* **To do**: Below are lines of data; restate word for word those running from the line containing "fb-increase-website-authority-cn" to the line containing "Insider 500 Watt", inclusive, and no others.

══ Records shown ══

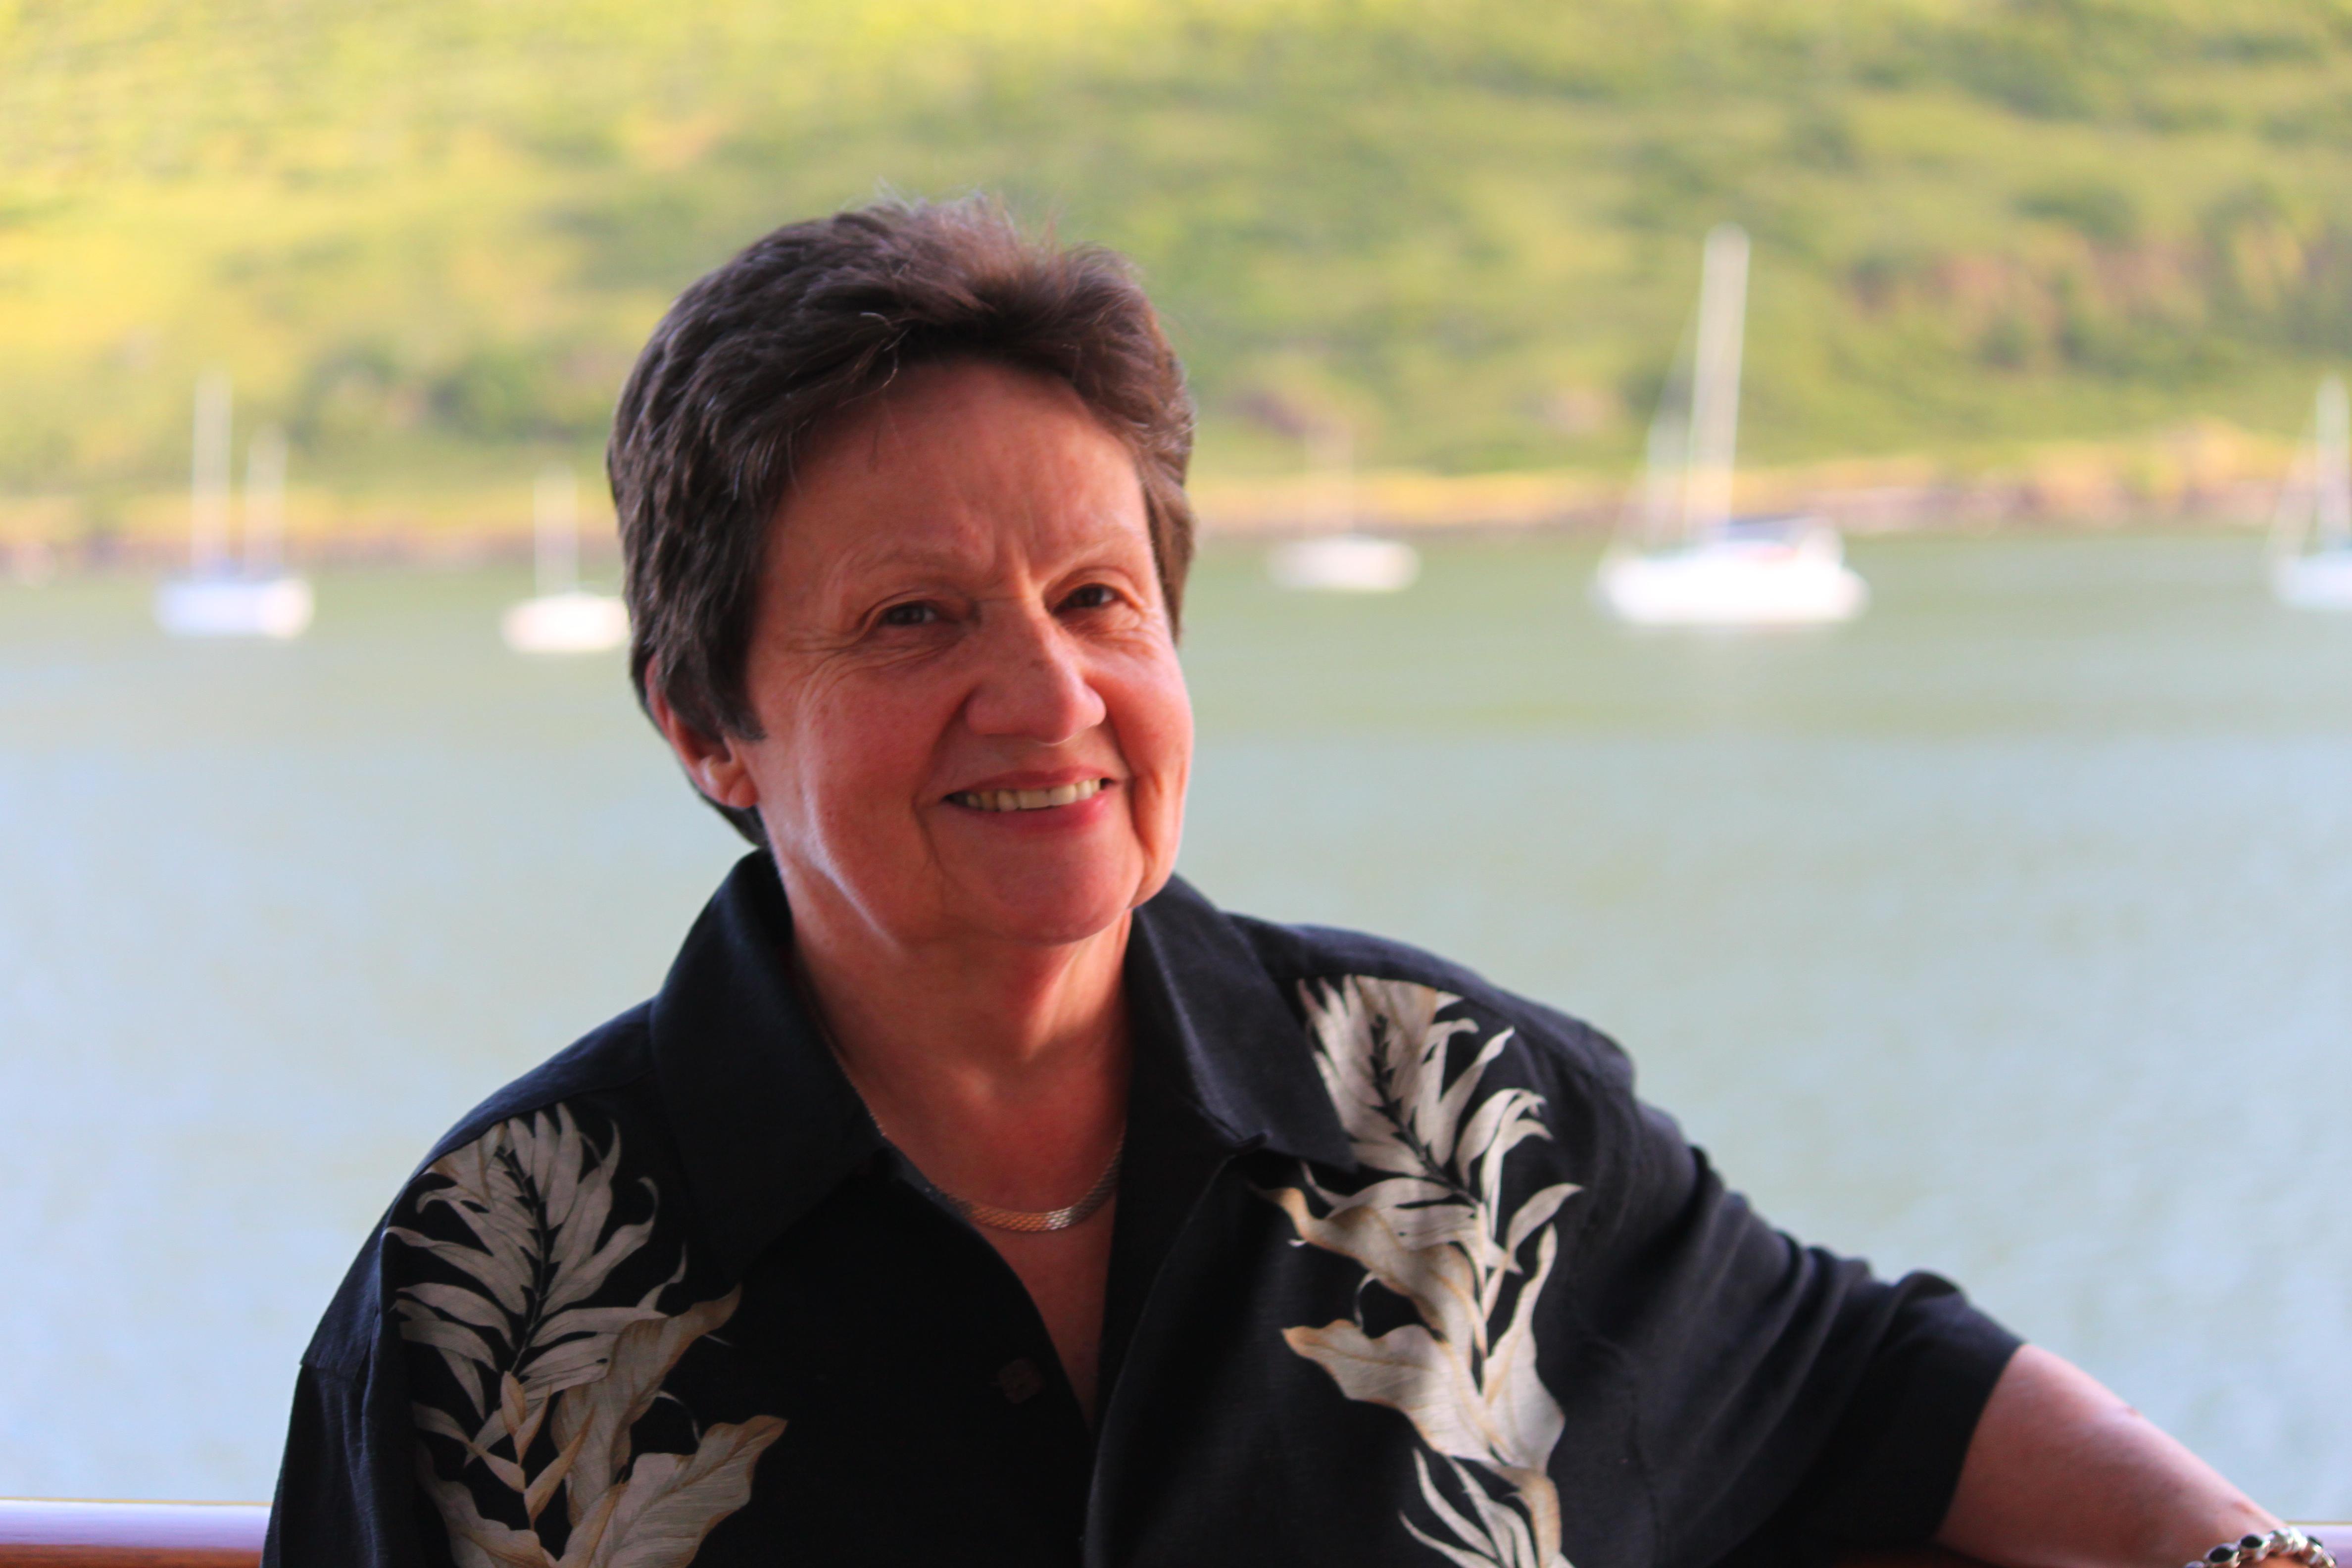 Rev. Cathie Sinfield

═══
══ Records shown ══

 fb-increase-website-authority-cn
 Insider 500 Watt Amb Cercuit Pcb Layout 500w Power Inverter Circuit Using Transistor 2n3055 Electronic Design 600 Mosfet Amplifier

═══
══ Records shown ══

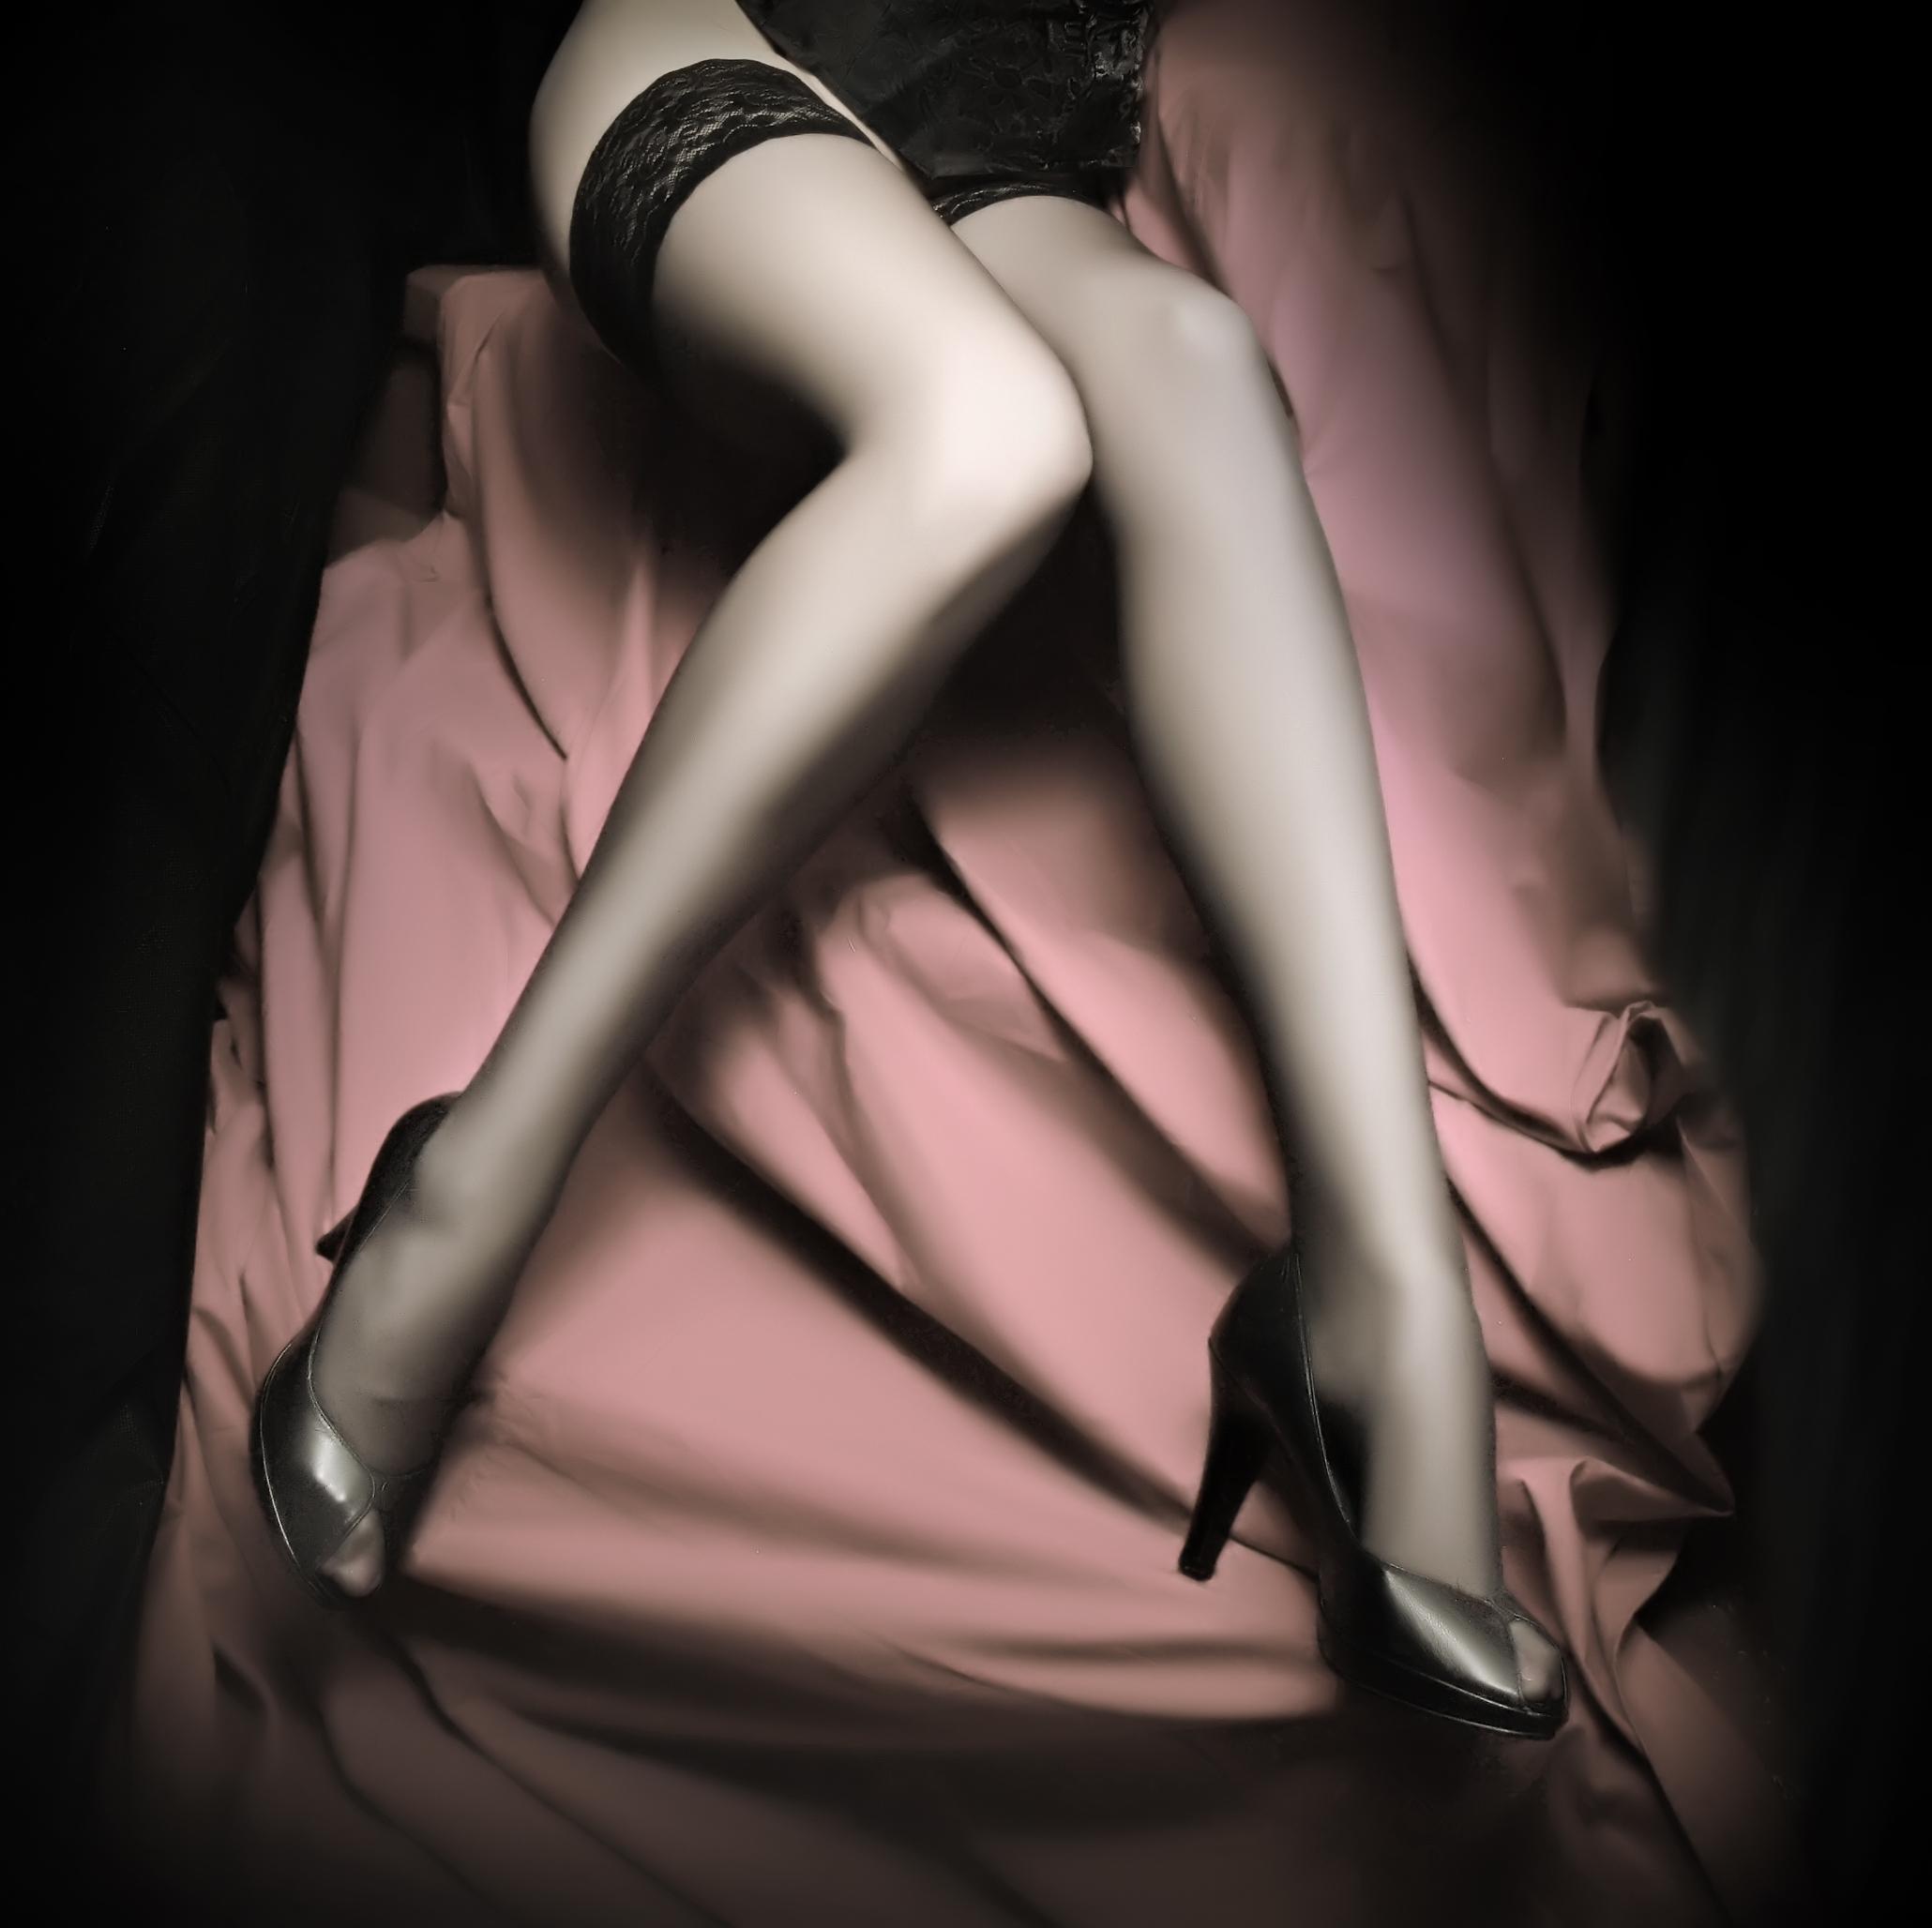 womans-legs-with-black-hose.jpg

═══

* **Task solution**:
 fb-increase-website-authority-cn
 Insider 500 Watt Amb Cercuit Pcb Layout 500w Power Inverter Circuit Using Transistor 2n3055 Electronic Design 600 Mosfet Amplifier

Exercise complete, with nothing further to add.